Irrespective of whether SHLD2 downregulation is causal for the HRP phenotype in HCC1937 cells, 12 of the 14 BRCA1/2-mutant HRP cell lines were explained by mechanisms directly acting on BRCA1/2 and not by indirect mechanisms involving PARG, TP53BP1, RIF1, Shieldin or CST complex factors. This is consistent with reports on clinical samples.

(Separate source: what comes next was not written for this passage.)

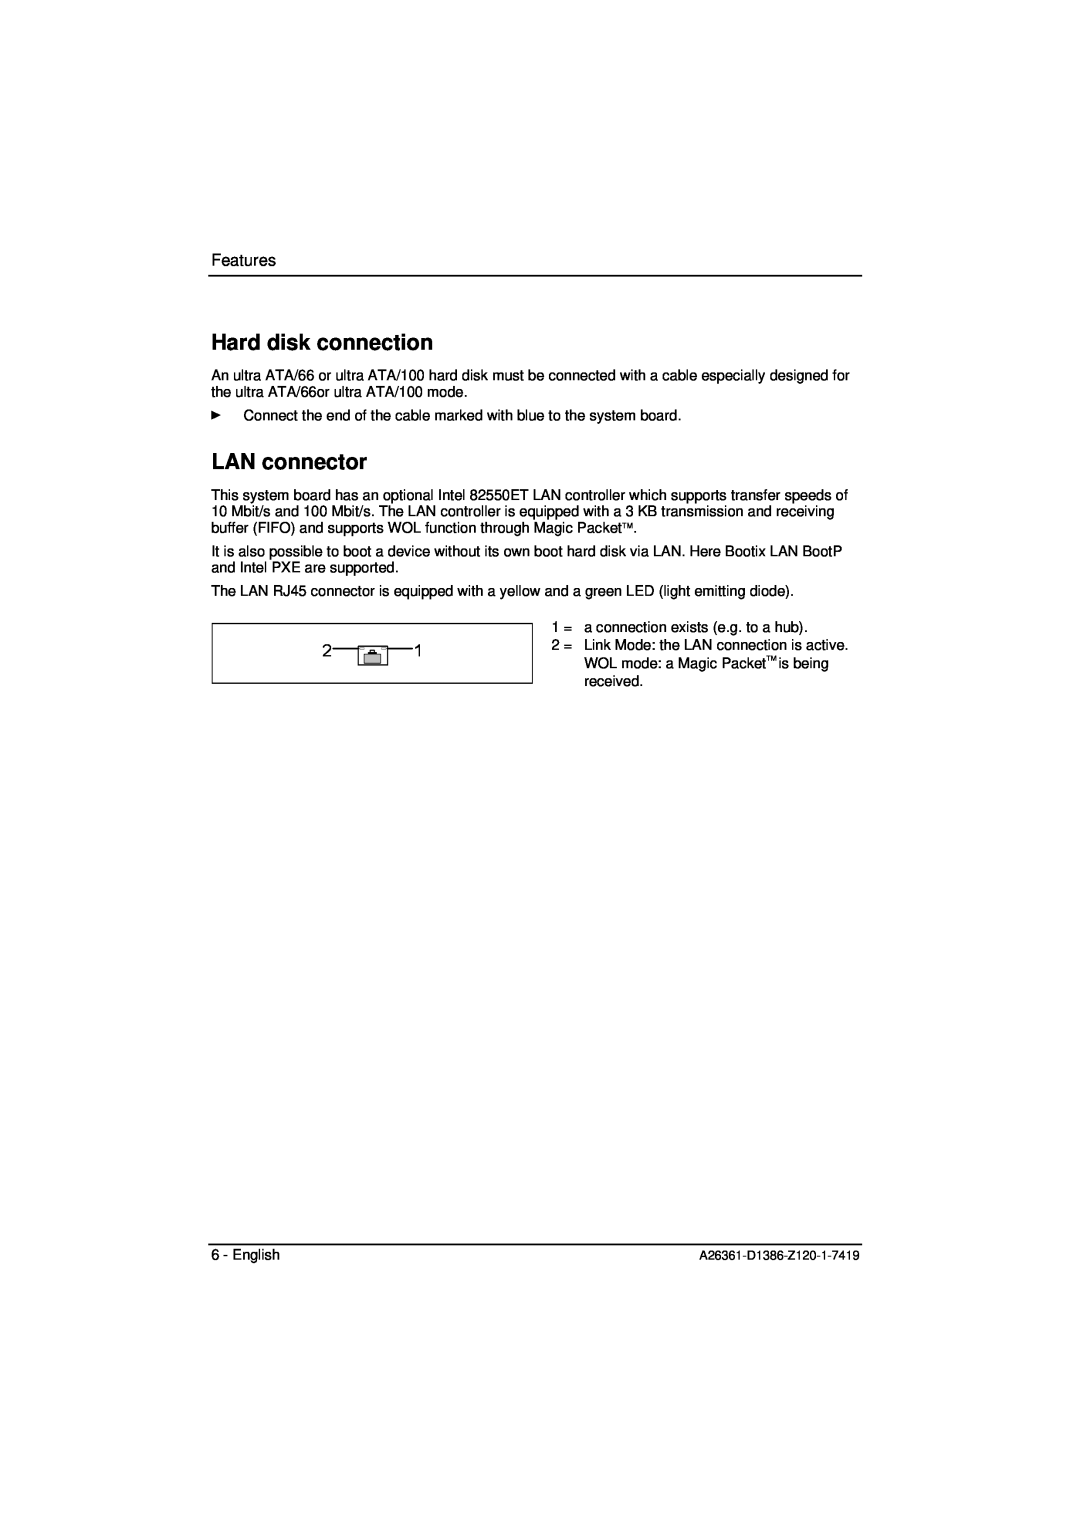 Fujitsu D1386 technical manual Hard disk connection, LAN connector, Features 
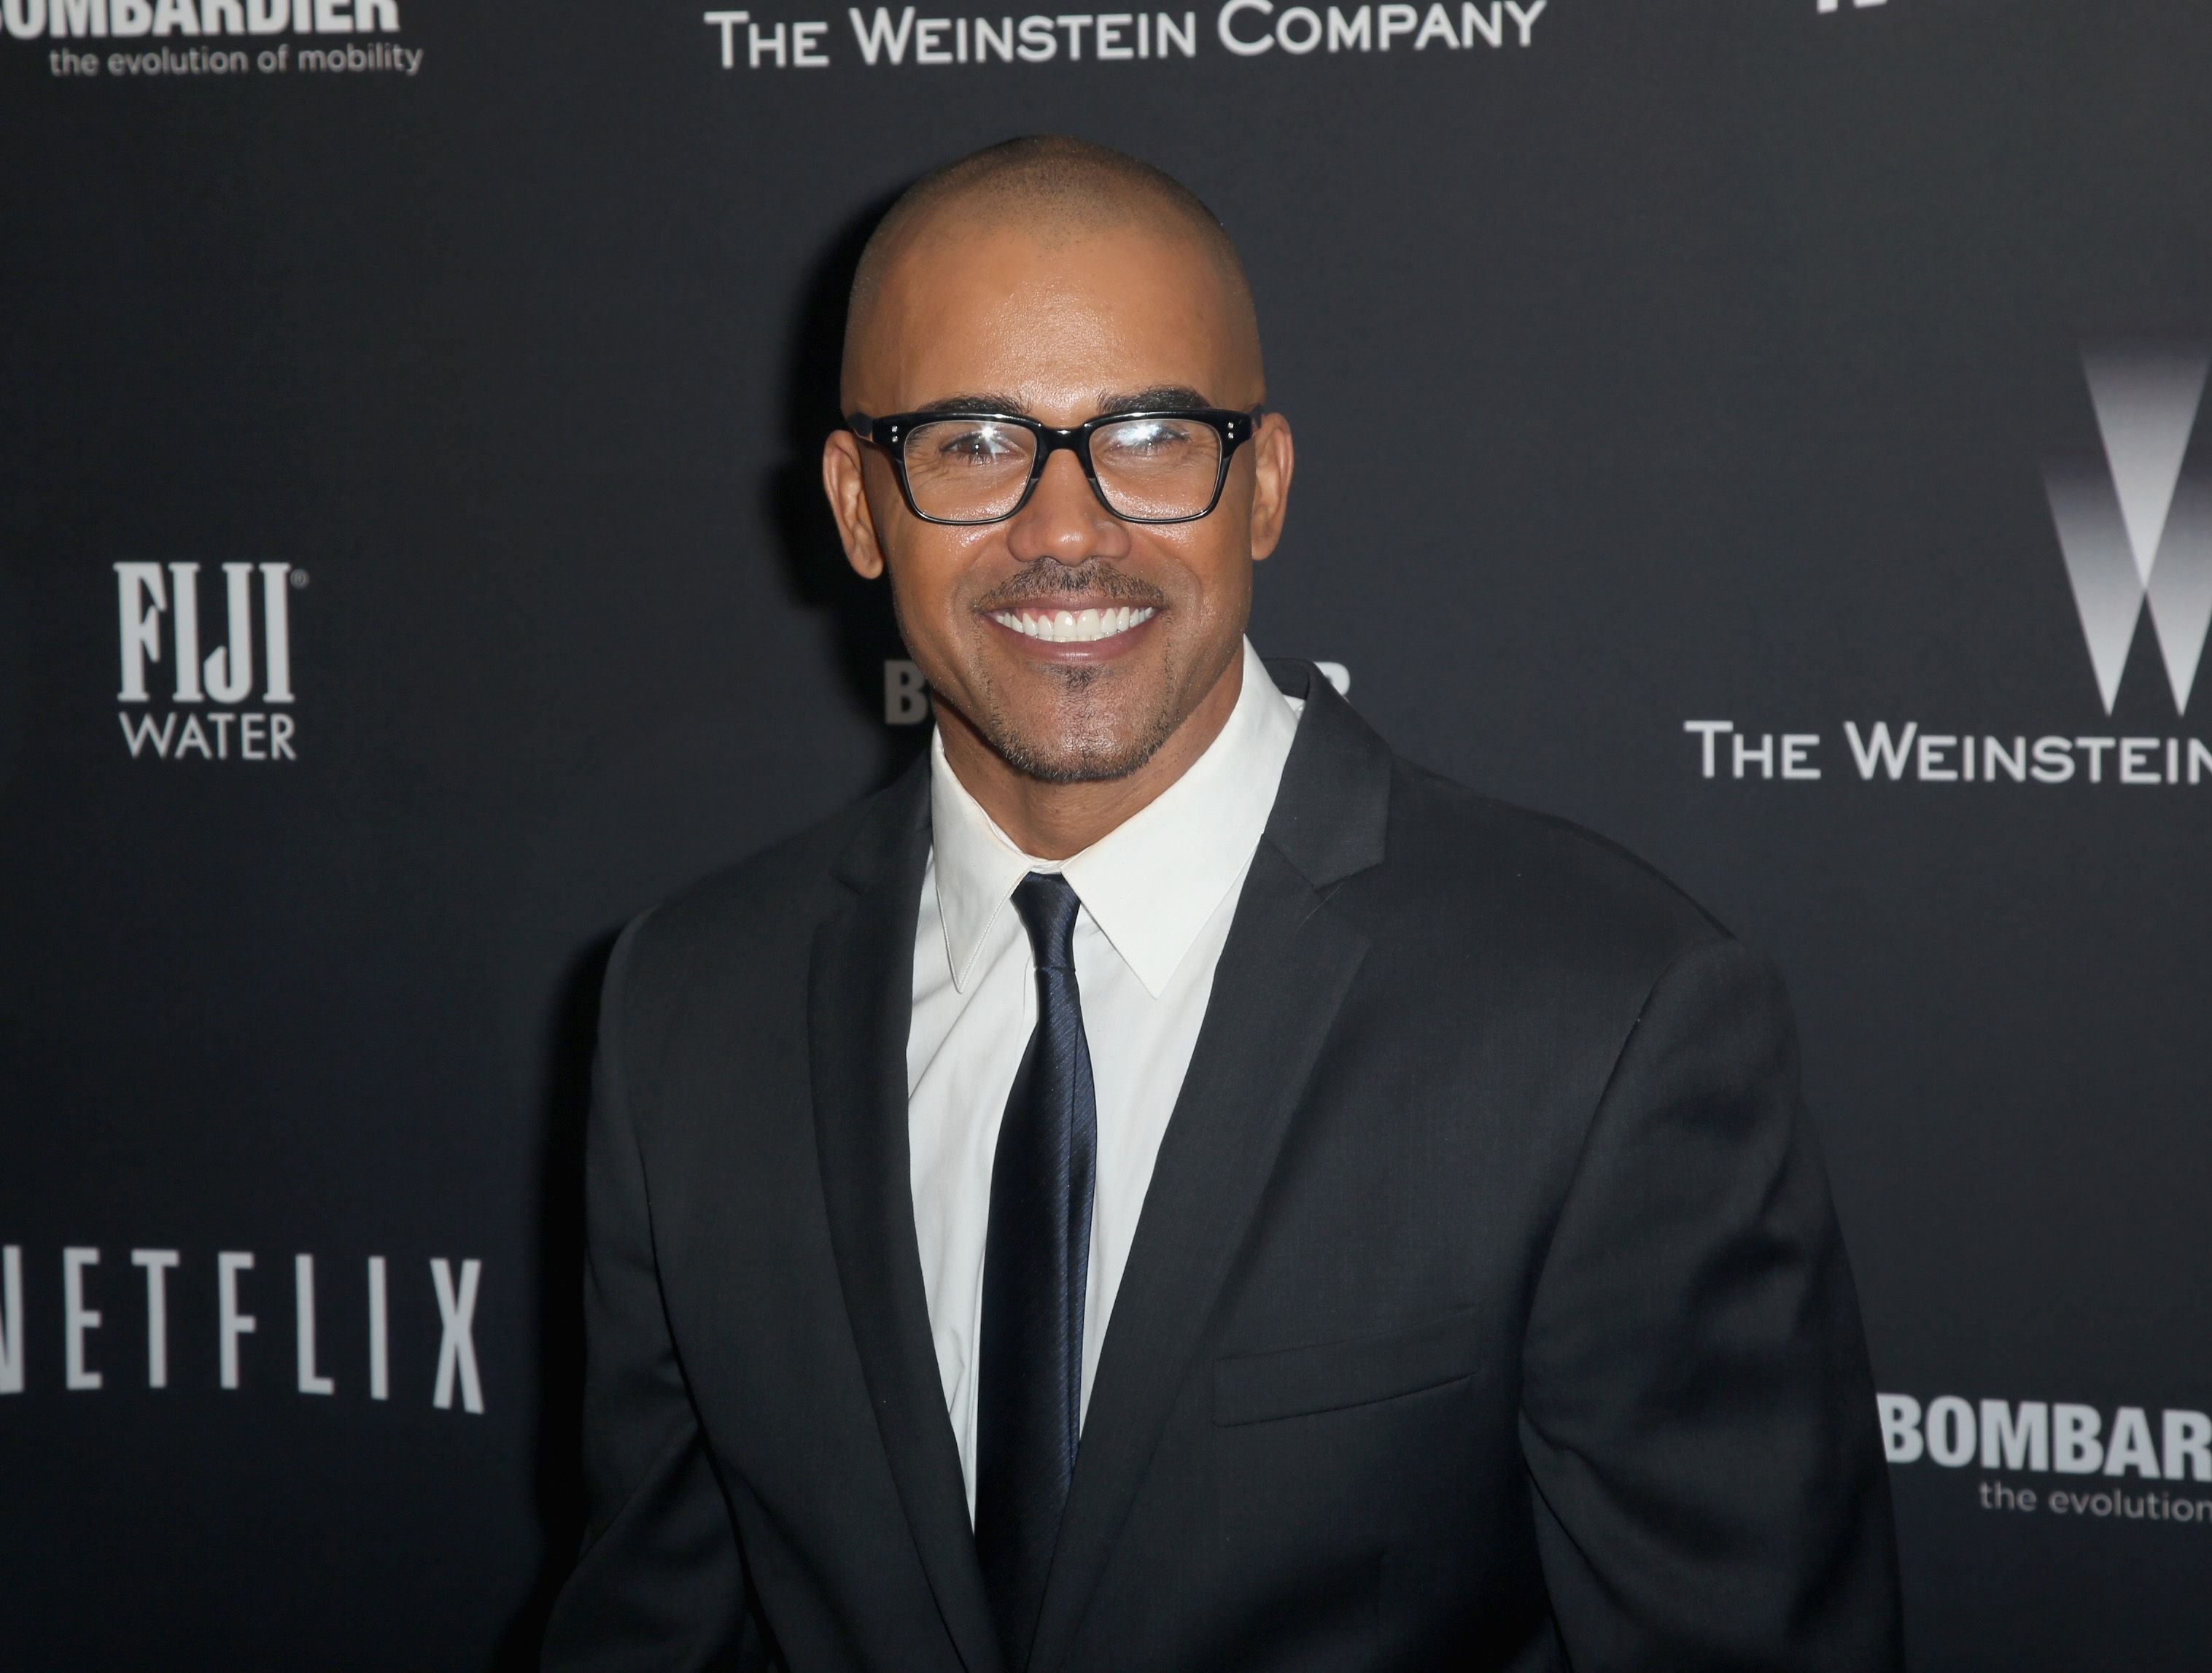 Actor Shemar Moore at The Weinstein Company & Netflix's 2014 Golden Globes After Party at The Beverly Hilton Hotel on January 12, 2014 in Beverly Hills, California. | Photo: Getty Images

We hypothesized that the functional HR status of cell lines would better reflect the real-time HR status of the cells at the time of testing than BRCA1/2 mutation status. Interestingly, although the %rc of SBS3 was not determined on our own cell lines, but extracted from previously published data, it was significantly higher in HRD and HRI cell lines as compared with HRP cell lines. In contrast, the %rc of SBS3 was not significantly different between BRCA1/2-mutant and wild-type cells. There was also no difference in %rc between BRCA1/2-mutant HRP and wild-type HRP cell lines. This is an unexpected finding since SBS3-associated mutations induced by BRCA1/2-deficiency would be accumulating in a cell line or tumor during the tumorigenesis process and remain in the genome even after reversal of the HRD phenotype. Therefore, one would expect the %rc of SBS3 to correlate better with BRCA1/2 mutation status than functional HR status. However, cell lines have been growing ex vivo for a significant amount of time with selection being an ongoing process. Moreover, HRD and HRI cell lines had a significantly higher %rc of SBS3 than BRCA1/2-mutant HRP cell lines which could have been accumulated ex vivo, after the tumor was removed from the patient. Of course, it is also important to realize that we evaluated only one of five mutational signatures associated with BRCA1/2-deficiency which could have led to some misclassification. In addition, extracting somatic mutational signatures from cell lines without the availability of a matched normal control is much more challenging and signatures were based on whole-exome sequencing data which yields sparser data compared to whole-genome sequence data.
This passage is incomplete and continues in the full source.